Topological insulators let molecular wires grow longer

Research extends distance that current travels along organic molecules and opens a path to new types of tiny electronics

by Neil Savage, special to C&EN
February 22, 2023

 

An oligoemeraldine.

Scientists have long dreamed of making molecular electronics, building one-dimensional strings atom by atom to create new circuits even smaller than today’s tiniest silicon structures. Shrinking silicon circuits has led to vast increases in computer chip power, and molecular wires could be the next advance. One hurdle has been that molecular wires become insulating and stop carrying current after a very short distance, shorter than the length they’d need to be for most practical devices. Now, scientists have shown they can overcome that limit, making wires that carry current along more useful lengths (J. Am. Chem. Soc. 2023, DOI: 10.1021/jacs.2c12059).

The researchers accomplished this using one-dimensional topological insulators as their wires. A topological insulator is a material that conducts electricity only along its edges. Topological insulators have unusual electronic structures that provide new ways to control the flow of current. But the distance electricity travels is limited by gaps in the electronic structure of organic molecules used to build such 1D wires, says Latha Venkataraman, a chemist and applied physicist at Columbia University, who led the research. The previous greatest conductance distance she and her colleagues had achieved with a topological insulator, made in that case of bis(triarylamine), was 2.6 nm.

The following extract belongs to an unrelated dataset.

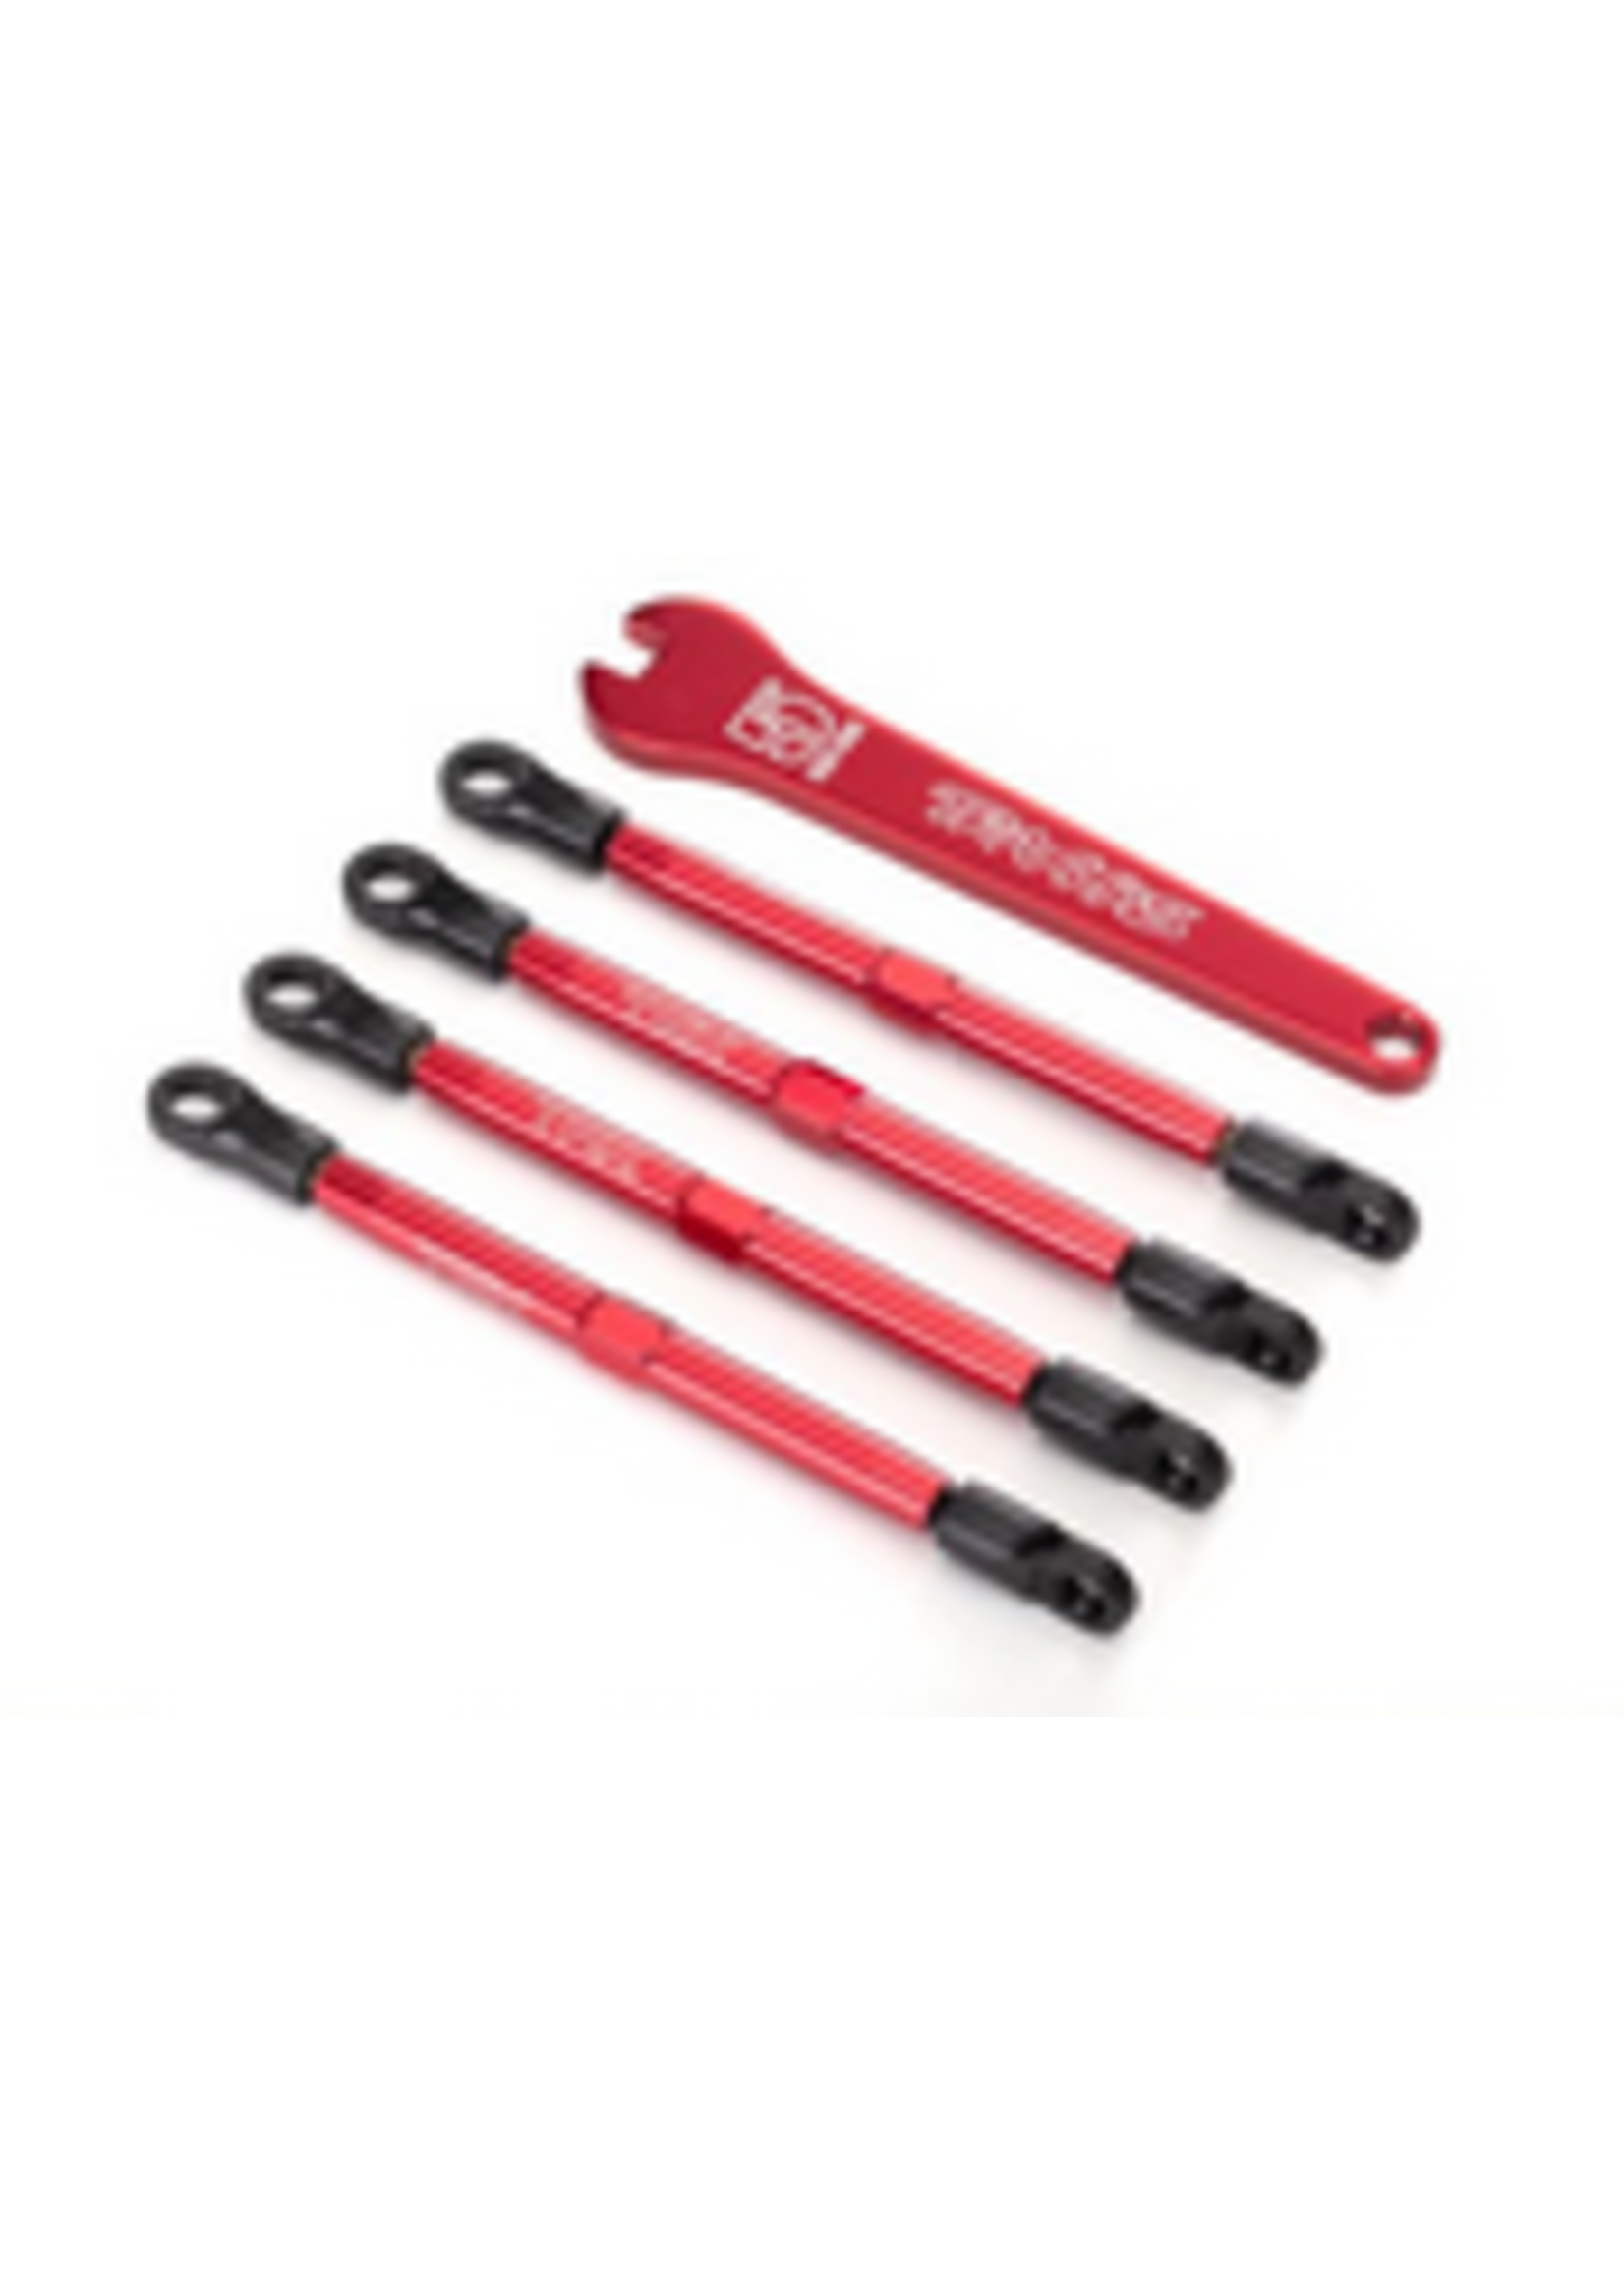 Traxxas TRA7138X Traxxas Toe links, aluminum (red-anodized) (4) (assembled with rod ends and threaded inserts)

At the suggestion of fellow Columbia University chemist Colin Nuckolls, the team built their new wire using emeraldine, a particular arrangement of carbon, hydrogen, and nitrogen atoms. The structure of the molecule allowed them to place a radical—an unpaired electron—on the nitrogen atoms. Those radicals, which come in sets of two, act essentially as relays, providing a series of connections over which current could flow from one end of the wire to another.

The new wire carried current over a length of almost 5 nm. “That’s almost getting to the length scales where current devices based on silicon are being made” she says. The wires could be made longer to carry current over greater distances, but the synthesis process for adding each new pair of radicals is complex with many steps, so the team stopped after demonstrating that the addition of radicals worked.

The chemists tested their molecular wire and found they could drive a current of more than a microampere over the almost 5-nm length, comparable to the ability of a carbon nanotube. “We can get really high currents through very long molecules, which hadn’t been done before,” Venkataraman says.

Other molecules will work as well, she says, as long as their structure allows them to hold radicals. In some cases, the radicals might be placed on carbon atoms rather than nitrogen.

Nuckolls says these molecular wires can form the basis of many electronic components, including switches, actuators, sensors, and light emitters. They could also be used to link molecular devices together, which would avoid the difficulty of forming those links with metal leads.

Judy Cha, a professor of materials science and engineering at Cornell University, says there’s a long road from this demonstration to actually making practical devices with such molecular wires. A device designer who wants to integrate such wires into nanoelectronic circuits, she says, “needs to think about processing temperatures, heat management, integrability with other materials, oxidation, etc.” That’s too much to ask for at this stage, she says, but those factors will need to be considered eventually.